観客の集まる集落の中央広場にて、カルシャは槍を構えて立つ。


「いつでもかかって来なさいよ」


「強くなった僕を見せてやるっす!」


対峙するはエリス。


カルシャがエリスの姿を模倣しているため、傍目には同じ姿のウェアウルフが同じ武器をもっているように見える。


ツワブキ直伝の棒術派生。


ミスリルの槍と結晶の槍。


先手。


一足飛びに距離を詰めるのはエリスだった。


材質、性質は違えど同じ師を持つ二人の穂先は、即座に交錯する。


突き、払い、弾き、流し、叩きつけに体術。


ツワブキという基本形を持ちながらも、カルシャとエリスの体捌きは殆ど別物だ。


エリスの動きは全体的に大きく、カルシャは細かい。


扱うギフトの違いだ。


エリスは獣化する事で能力を上げて戦うのに対して、カルシャは純粋に人型。力ずくでは限界があるため、端から技量重視でカウンター型なのだ。
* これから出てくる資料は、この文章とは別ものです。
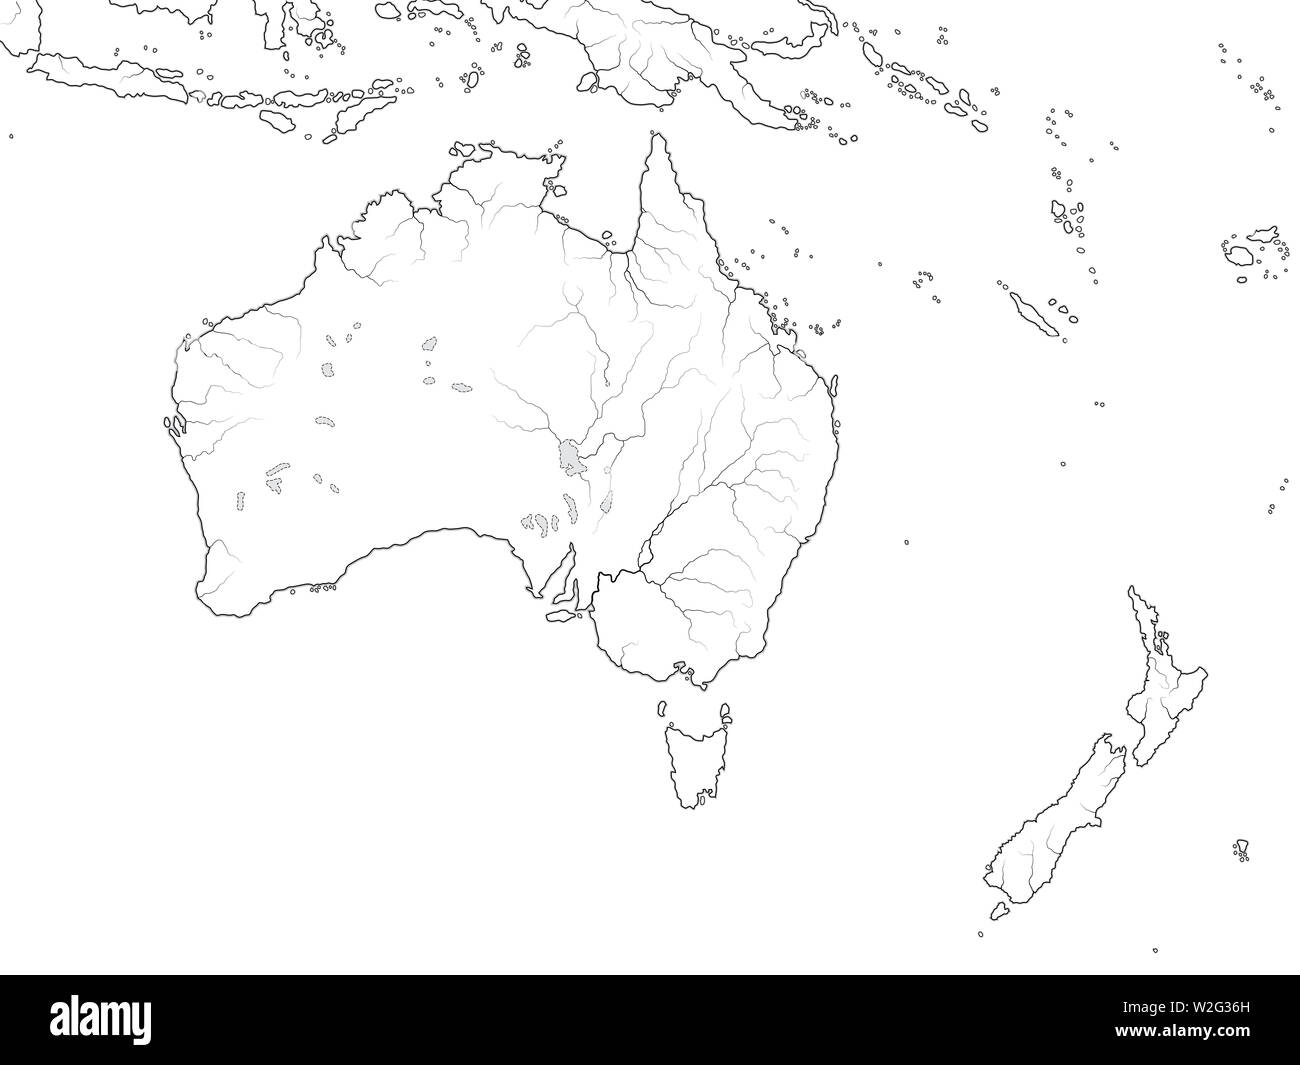 Carte du monde de l'Australie continent : l'Australie, Nouvelle-Zélande, Océanie, Micronésie, Mélanésie, Polynésie, Océan Pacifique. Carte géographique avec le littoral. Banque D'Images

薙ぎ払いを主軸に突きを織り交ぜるエリスに対して、カルシャは最小限の動きで躱し、または跳ね上げて反らす。


隙が生まれるまで粘って突きをだし、旗を拡げて視界を奪うカルシャ。


エリスが野生の勘で飛び退くと、そこを目掛けて蹴りが飛ぶ。


下手な連撃には行かない。


結果、カルシャにはエリスが付け入る隙が無い。


力量差は歴然だった。


数合を経て、エリスは呆気なく追い詰められ、試合が終わる。


「確かに強くなったわ。でも、まだ足りないわね」


「これでも足元にも及ばないとか、正直凹むっす」


尻もちついたエリスに手を伸ばすと、エリスは手を取って立ち上がる。


「ギフト併用したらかなり良いとこまで来てると思うわ」


「そうっすかねぇ?これだけ完敗すると自信ないっす」


そこにツワブキが近付いてくる。


「いやはや、二人共強くなってるでござるなぁ。師として誇らしいでござるよ」


手放しの称賛だった。


だったのだが。


「「胡散臭」」


まずそのニヘラ笑いを止めろ。


もうなんか全てがモヤモヤだぞ、そこの隠密。


「酷いでござるなぁ、褒めてるのに」


「全く傷付いてない風なのが胡散臭いって言ってんのよ」


まぁいいわ。


エリスの鍛錬具合も確認できたし。


私もサボってないで鍛錬しとかなきゃな。


で、戦闘部隊の方の報告を聞かせてもらおうか。


「ツワブキ、戦闘部隊について報告してくれる?」


「御意」


今の戦闘部隊は3人1組が5つ。


ウェアウルフ3体のチームならば、強大なモンスター相手でもなんとか戦える。少なくとも瞬殺は無い。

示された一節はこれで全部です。